Our study provides for the first time detailed and systematic insight on the link between the breast milk HMO concentrations and maternal FUT2 and FUT3 genetic variants. We focused our analysis on exonic genetic variants to identify the ones with a functional role on FUT2 and FUT3 enzyme activities. In this population, we identified 1 known missense SNP on FUT2, rs601338, responsible for the non-Secretor phenotype in milk and 3 known missense SNPs, rs28362459, rs3894326, and rs812936 on FUT3, responsible for the Lewis negative phenotype in milk.

SNP rs601338, the predominant FUT2 variant has a minor allele frequency (MAF) in European and African populations ranging from 30 to 57% (1,000 Genomes Project, https://www.internationalgenome.org/1000-genomes-browsers). This SNP has a very low frequency 0–1% in South East Asian populations, whereas in Indian populations, the average MAF is 25% (1,000 Genomes Project). Generally, in our population the samples genetically identified as non-Secretors had an A/A genotype and, as expected, measured 2′FL and LNFP-I concentrations below LoQ. Two samples genetically identified as Secretors G/G also had 2′FL and LNFP I below LoQ, actually close to their LoD (limit of detection) of 3.9 and 2 mg/L for 2′FL and LNFP-I, respectively (29). We investigated our dataset by looking for novel rare FUT2 non-coding variants, but we did not identify any that could explain these results. It is possible that other FUT2 SNPs outside the exonic regions, perhaps with a regulatory function could define the enzyme expression. To our knowledge, the FUT2 enzyme is the only known fucosyltransferase that generates α-1,2-fucosylated HMOs. Hypothetically, another unknown fucosyltransferase may be active in the mammary gland explaining our observation of 2 samples identified genetically as Secretors, but expressing only very small amount of 2′FL. Another possibly more likely explanation is the presence of mutations in regulatory elements for FUT2 that we did not capture in our analysis. A future approach would be to perform an expression quantitative trait loci (eQTL) to identify cis- or trans-eQTLs that may affect the expression of the FUT2 gene and then verify this by testing their correlation with 2′FL concentrations. Furthermore, a genome wide approach to find genetic variants associated with 2′FL concentrations could provide further insight into the unknown variation controlling the expression of the enzyme.

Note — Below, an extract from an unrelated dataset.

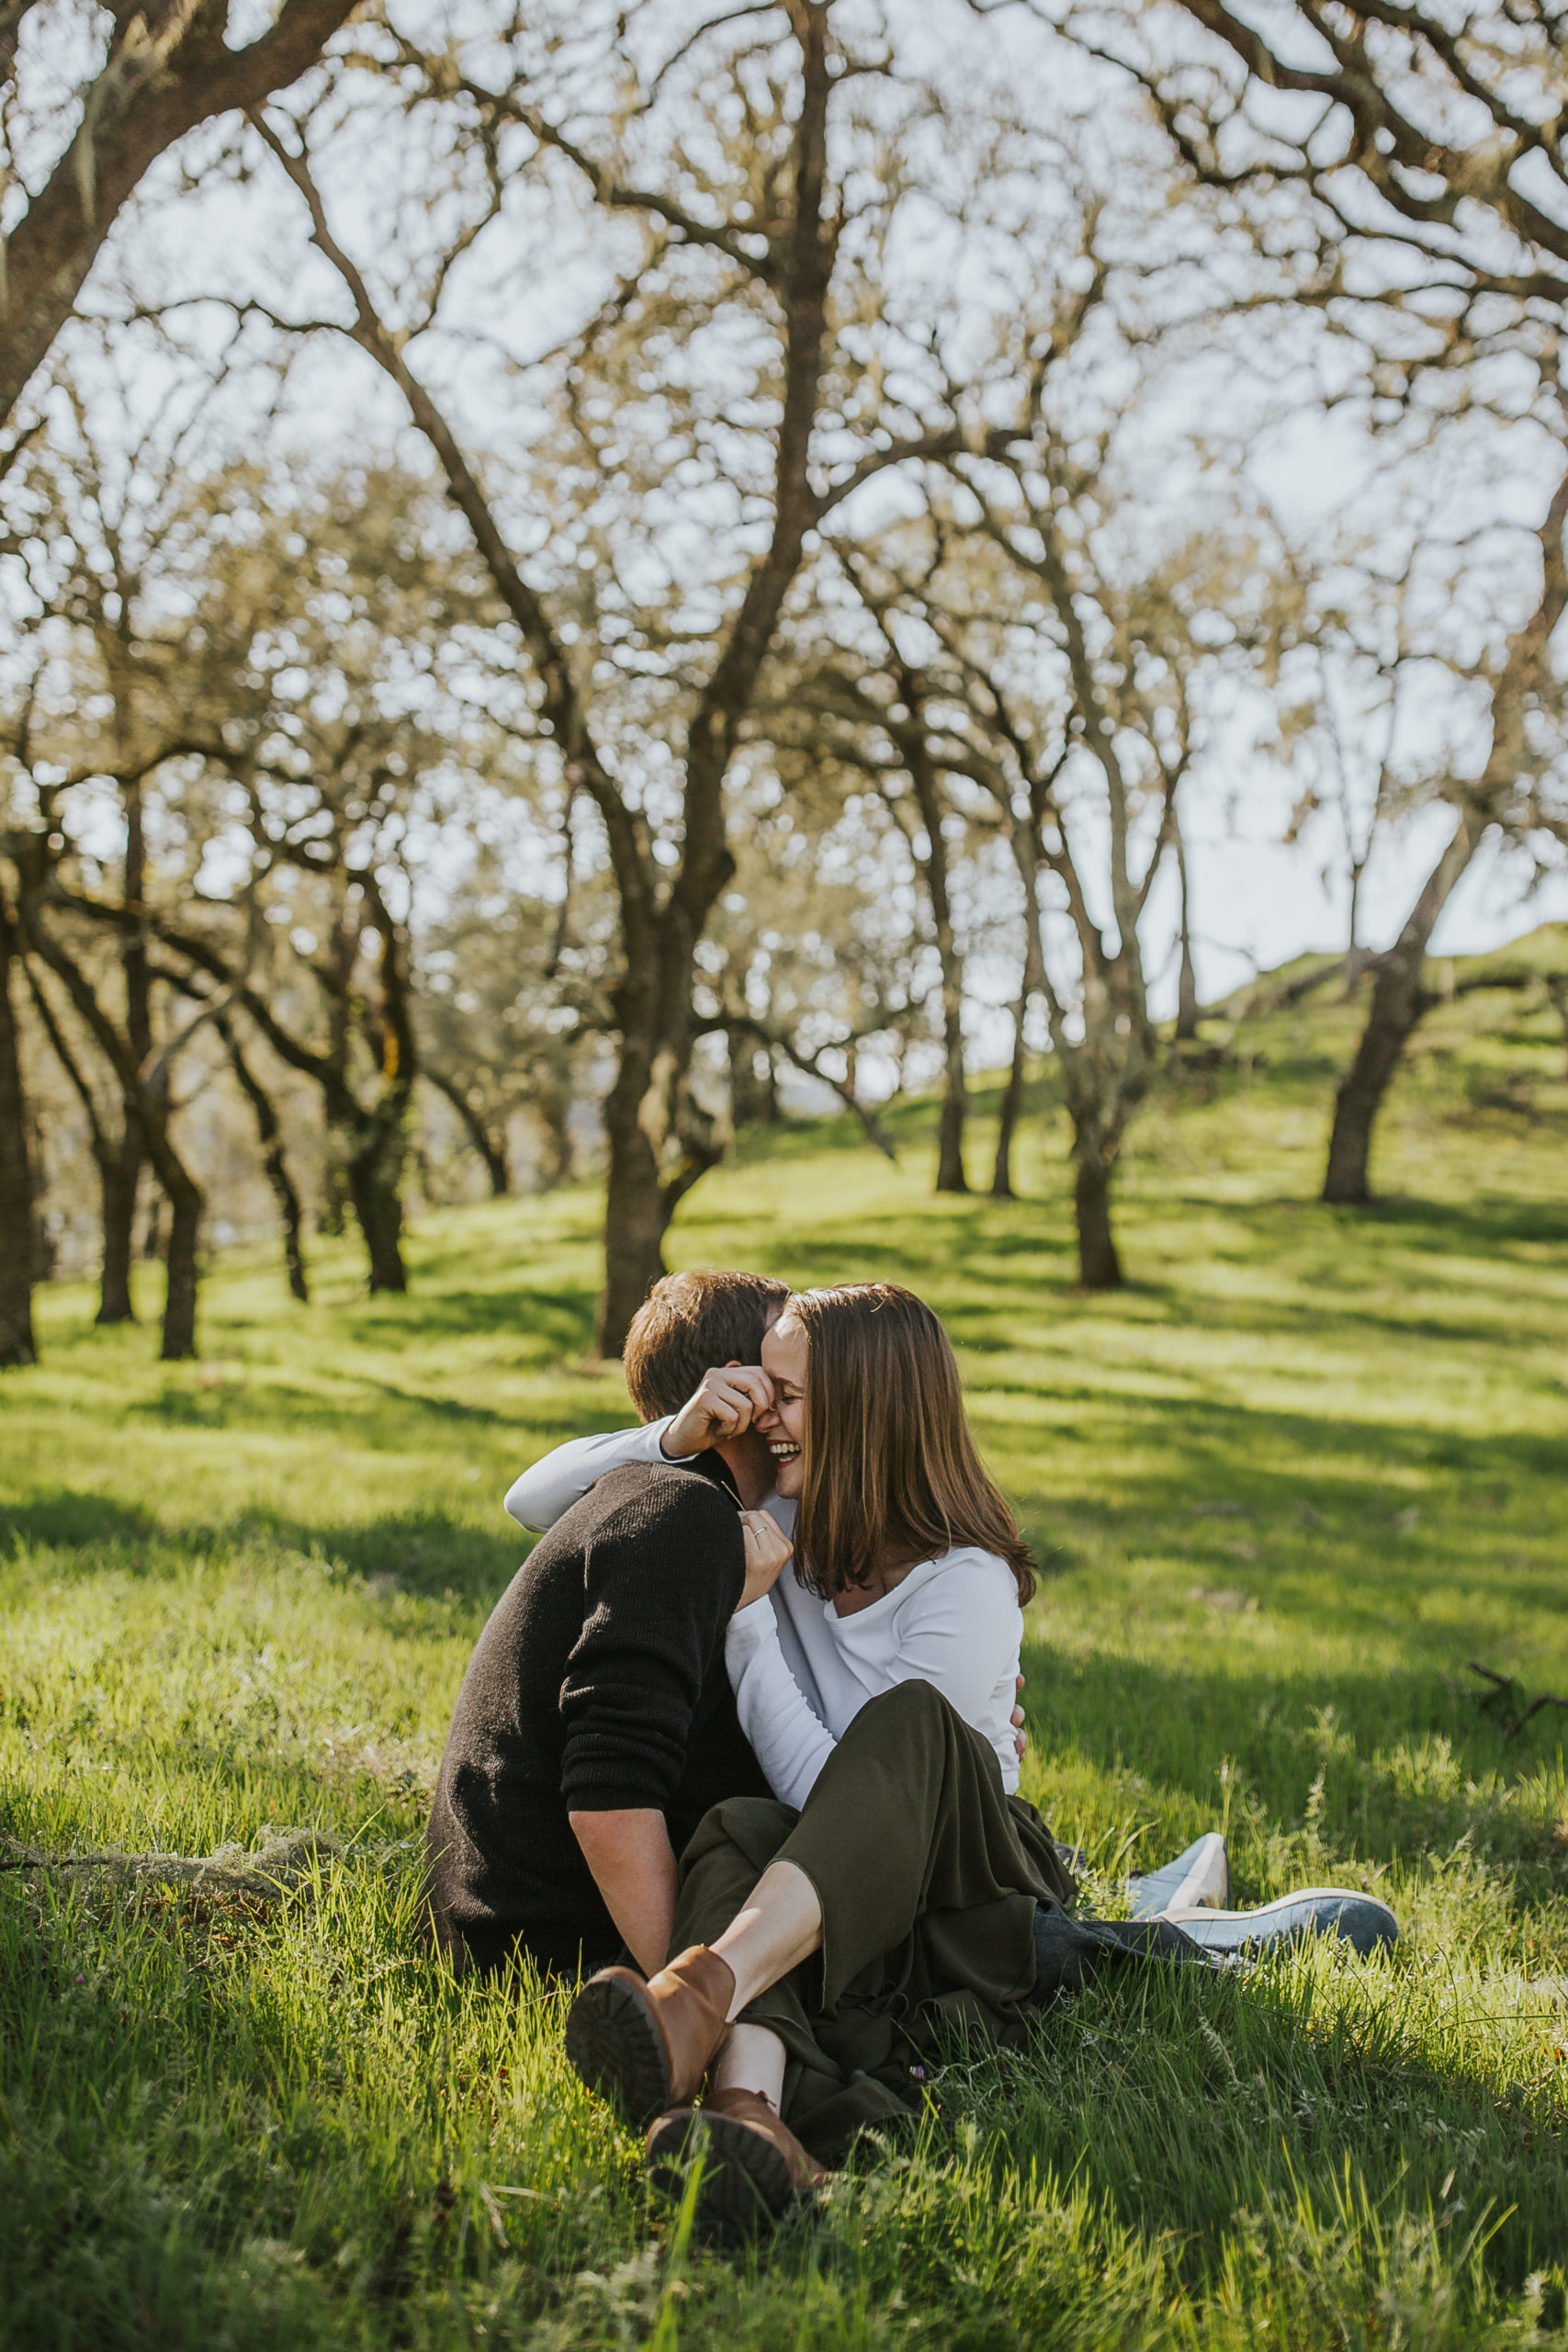 rebecca skidgel photography napa valley engagement photographer lake hennessey couple holding each other sitting laughing smiling

We used the same approach to identify the link between FUT3 exonic variants and α1,3-4-fucosylated HMO, like LNFP-II and 3FL. In our population, most of the Lewis negative mothers were homozygotes for one of the three functional FUT3 SNPs rs28362459, rs3894326, rs812936. In contrast to Secretor status, the Lewis status seems to be defined by a higher number of SNPs which are also less well characterized than FUT2 (33, 34). SNP rs28362459 occurs more frequently in South East Asian, Indian and African populations (MAF = 25 to 35%) compared to European populations (MAF = 10%). SNP rs3894326 is more common in Asian populations (MAF = 15%) compared to European and African (MAF > 7%). Finally, SNP rs812936 is not frequent in South East Asian populations (MAF = 3%) but ranges from 10 to 20% in all other populations included in the 1000 Genomes Project 1000 Genomes Project, (https://www.internationalgenome.org/1000-genomes-browsers). In our cohort, we identified 8 mothers as Lewis positive based on the three SNPs rs28362459, rs3894326 and rs812936, yet no LNFP-II was detected in their milk. Interestingly, 6 of them were heterozygotes for both rs812936 and rs778986 SNPs, indicating that the phenotype may be a result of compound heterozygosity (35). However, we could not analyze phased genotypes in our dataset to explore this possibilty, due to high linkage disequilibrium in the region. Future studies need to explore whether FUT2 and FUT3 genetic variants are subjected to compound heterozygosity explaining the missing production of specific HMOs despite an apparent functional genotype.

In this population of European mothers, those with the heterozygous forms of the Secretor and Lewis status-defining SNPs appear to have intermediate levels of the dependent HMOs like 2′FL, LNFP-I, LNFP-II, and 3FL compared to higher levels in the major allele homozygous functional forms. This may have several implications for research on HMO biology and clinical relevance and may explain part of the large variability observed for many HMOs in breast milk. In an attempt to further explain variability of HMOs by combined FUT2 and FUT3 variations, we constructed a genetic score to predict the concentrations of 2′FL. Indeed, we observed that 5 SNPs located in both genes were able to predict 2′FL concentrations in breast milk. The finding did not seem to be solely dependent on presence of FUT2 non-functional SNP. Instead, the combination of both FUT2 and FUT3 variation were needed to explain the variability in 2′FL levels, confirming the hypothesis that final concentrations of specific individual HMOs are influenced by the balance between FUT2 and FUT3 expression (1), as well as donor and acceptor substrate availability for the respective enzymes.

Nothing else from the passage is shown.